# First-Run Only / Conflict SP Question



## Mike B (Sep 16, 2003)

Quick question for someone more knowledgeable than me...

(...and apologies if its been asked before - I couldn't find an answer after doing a searching)

If I have a "first-run only" season pass set up for episodes of a programme which is then repeated later in the week, and the actual first showing is not recorded due to a conflict with a higher priority SP, will a repeat showing get recorded (or will it get ignored as it is technically not the first showing, even though it is a new/not-previously-recorded episode) ??


----------



## cwaring (Feb 12, 2002)

Don't worry. It will get recorded. (I've said it before, I like the easy ones )


----------



## iankb (Oct 9, 2000)

Maybe this is covered by the 28-day rule? i.e. Try to record once and once only if repeats occur within 28 days of the original air date.


----------



## OzSat (Feb 15, 2001)

Sad I know - but I have a FR SP set for Coronation Street on both ITV1 and ITV2.
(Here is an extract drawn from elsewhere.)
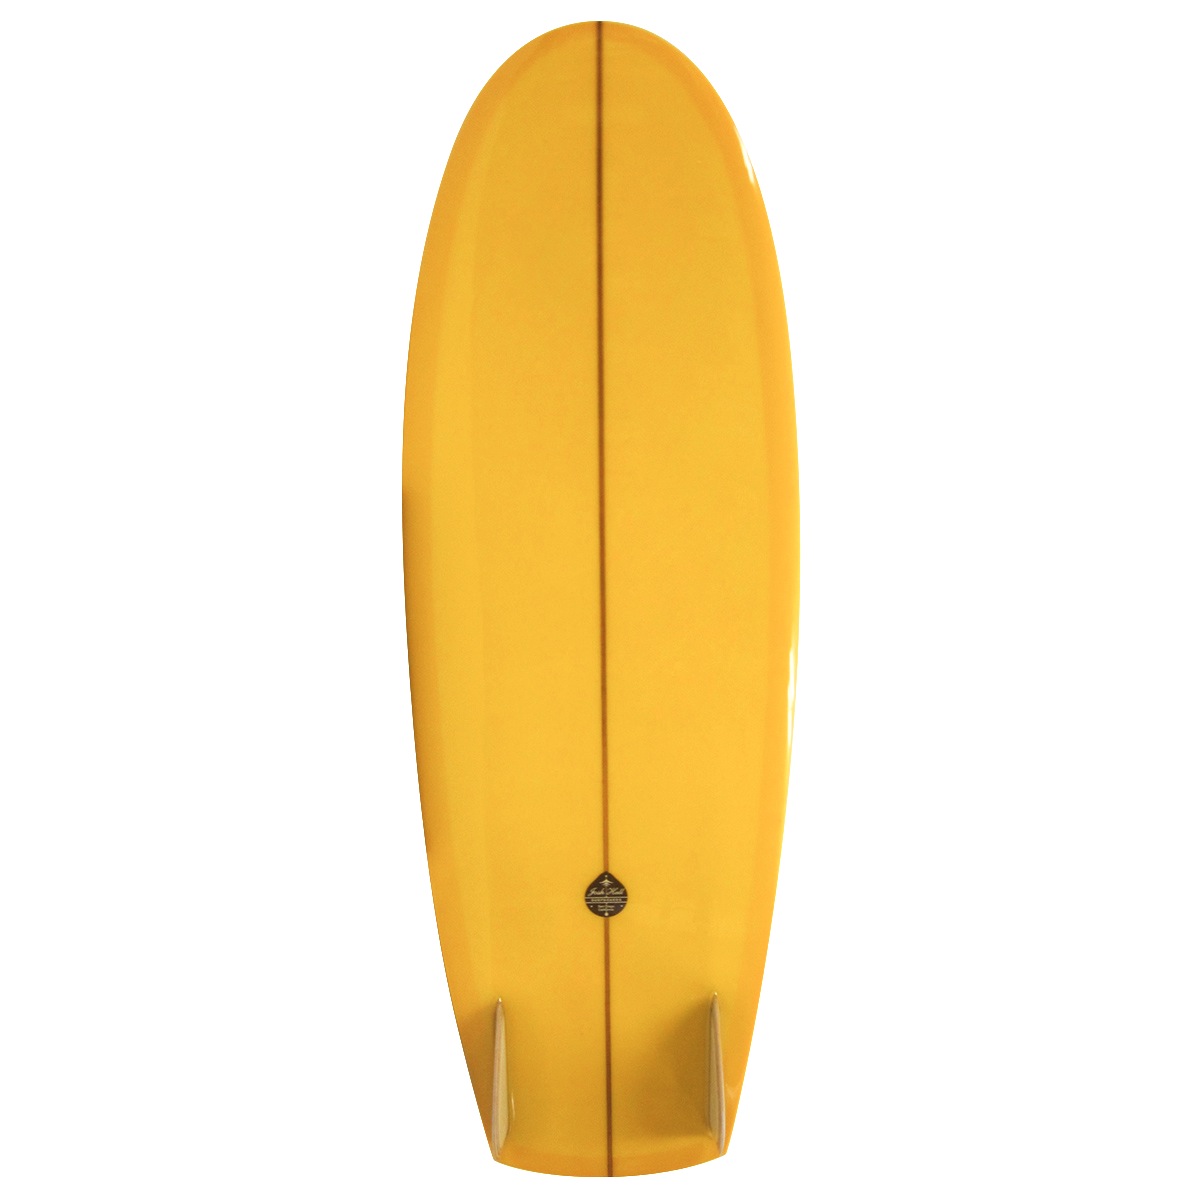  Josh Hall Surfboards / PESCADO HINCHADO VELO 5`3

Generally only the ITV1 appears in the ToDo as the ITV2 versions are repeats. But when the ITV1 version clashes - the ITV2 version then kicks in automatically.


----------



## mrtickle (Aug 26, 2001)

Hmm but this happens with a normal SP - it's the 28-day rule that controls that behaviour not whether or not its FRO . In the Corrie example (I have two too) there are never any episodes broadcast on ITV1 or 2 that aren't "first runs" (>28 days after OAD) anyway.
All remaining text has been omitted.